Ella lo único que exigía era replicarle al presidente con la verdad. Pues AMLO había mentido al asegurar que Gálvez Ruiz había votado contra la constitucionalización de los programas sociales. Era una mentira. La mentira que dio comienzo a la vorágine que hoy le disputa la presidencia al oficialismo. Una mentira que acabó por atizar un movimiento opositor policromático, amarillo, rojo, azul, negro, blanco, verde, rosa, que se percibe como marea y que simboliza la indignación.
El ascenso no fue paulatino. Incluso el torbellino trajo consigo caos. Pero la imagen y la voz de Xóchitl acaparaba la atención pública. Por primera vez alguien le arrebataba a la voz presidencial el monopolio de la narrativa nacional que había sido usurpada. La senadora, a su modo, imponía su propia agenda. Tenía que recuperar las miradas y los oídos de los mexicanos.
Por su parte, Andrés Manuel, también insistía en Xóchitl Gálvez. Vulneró su privacidad y quebrantó leyes. Todo para atacarla, para vilipendiarla desde el púlpito matutino de poder y escándalo. Sin embargo, los embates del presidente contra la hidalguense intensificaban la polarización. Y mientras el lopezobradorismo repudiaba a la senadora por el PAN, los opositores al oficialismo se aglutinaban bajo el manto de su fama en auge y su manera característica de hablar.
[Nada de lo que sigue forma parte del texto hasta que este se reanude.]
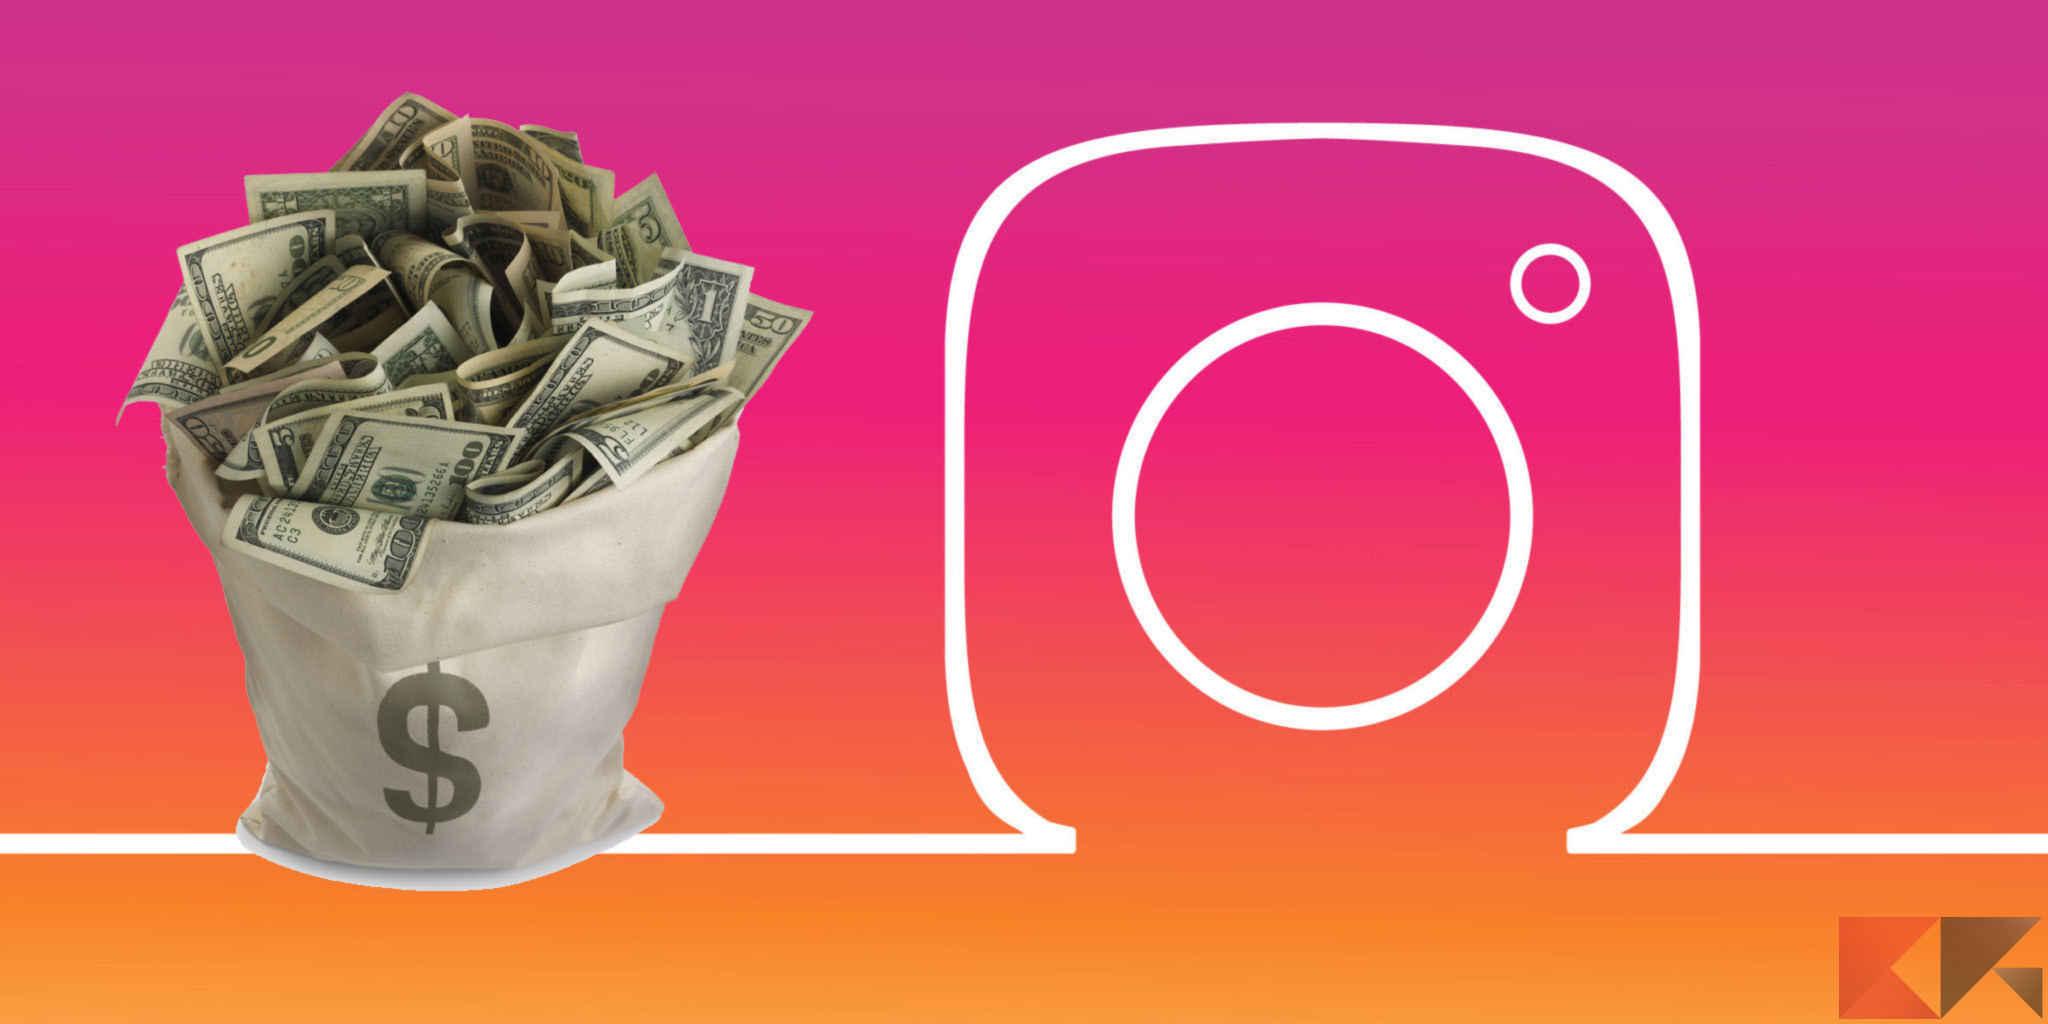 comprare follower instagram 1

Al principio, el lenguaje soez alertó a las damas de sociedad y a la vela perpetua. Empero poco a poco la gente más conservadora se fue cautivando con la historia de esa mujer que se plantaba frente al aprendiz de autócrata sin miedo y sin titubeo. El carisma y el encanto de Xóchitl se fue ganando corazones, pero también estómagos.
El sueño de la jefatura de gobierno capitalino se diluía. De las cenizas de esa aspiración primaria comenzaba a erguirse un fénix, que se antojaba congruente por lo mítico y por lo quimérico: la presidencia de la república. Para muchos era un disparate. Para otros tantos una locura. Para Gálvez Ruiz cada día le parecía más como un nuevo proyecto, una nueva empresa. Tendría que arrebatar la esperanza, hacer alquimia de las emociones, transformar el revanchismo en reconciliación y la apatía en ilusión. Si iba a ser candidata presidencial de las oposiciones, habría de representar a la izquierda revolucionaria, a la izquierda democrática, a la derecha moderna, a la iniciativa privada, a los apolíticos, a los ambientalistas, a los artistas, a los esnob, a los conservadores, a los liberales, a los progresistas, a los libertarios. Porque se propondría como la candidata de las siglas de los partidos que representan la totalidad ideológica de los mexicanos.
Y echando mano de una máxima del 68, Xóchitl Gálvez un día decidió lanzarse como candidata presidencial y animó a sus simpatizantes: “Seamos realistas. Pidamos lo imposible”.